Tuesday, June 1, 2010

31 May, 1911

The sky was overcast this morning, and the temperature -13.

Went out after lunch on ski, but the surface was sticky except for where drifts were deep. There was an oppressive feel in the air and I got very hot, coming in with head and hands bare. At 5pm, out of dead calm, a wind suddenly sprang up from the south blowing 40 mph, and since then it has been blowing a blizzard. I have never known a storm come on so suddenly, and it shows what possibility there is of individuals becoming lost even if they only go a short way from the hut.

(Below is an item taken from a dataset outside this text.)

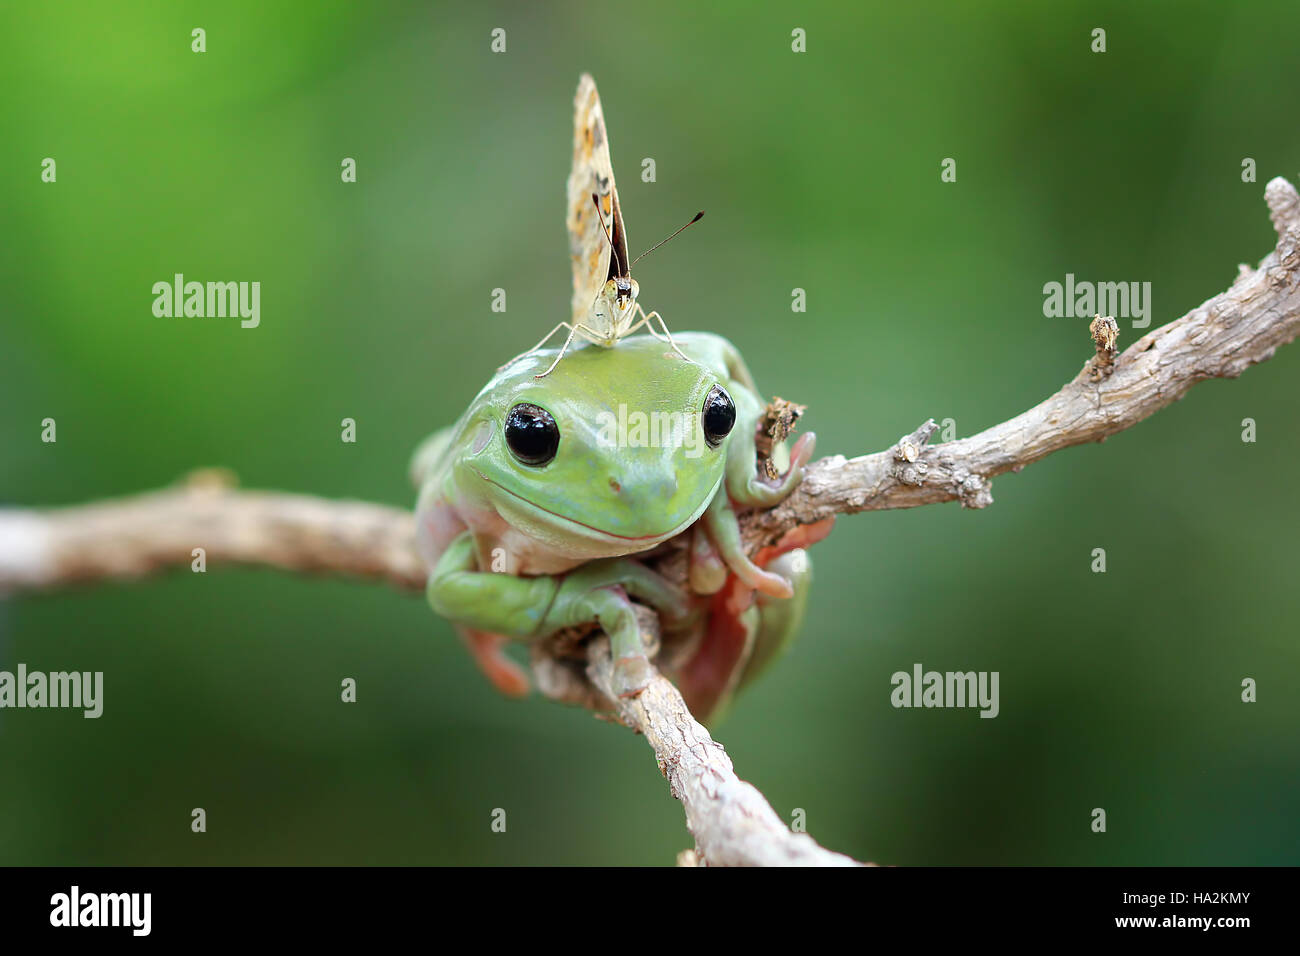 Butterfly sitting on a dumpy tree frog, Indonesia Stock Photo

Tonight Wilson gave us a very interesting lecture on sketching. He says every line must be from observation; nothing superfluous. He raised a smile or two by generalizing the failures in sketches by others of our party which had been brought to him for criticism. he pointed out how much had been put in from preconceived notion. It's not enough to draw what you think should be there based on what you have seen previously: only what you see before you in the here and now. He is very modest.

He stands very high in the scale of human beings—how high I scarcely knew till the experience of the past few months. There is no member of our party so universally esteemed; only tonight I realize how patiently and consistently he has given time and attention to help the efforts of the other sketchers, and so it is all through; he has had a hand in almost every lecture given, and has been consulted in almost every effort which has been made towards the solution of the practical or theoretical problems of our Polar world.

The achievement of a great result by patient work is the best possible object-lesson for struggling humanity, for the results of genius, however admirable, can rarely be instructive.

The chief of the Scientific Staff sets an example which is more potent than any other factor in maintaining that bond of good fellowship which is the marked and beneficent characteristic of our community.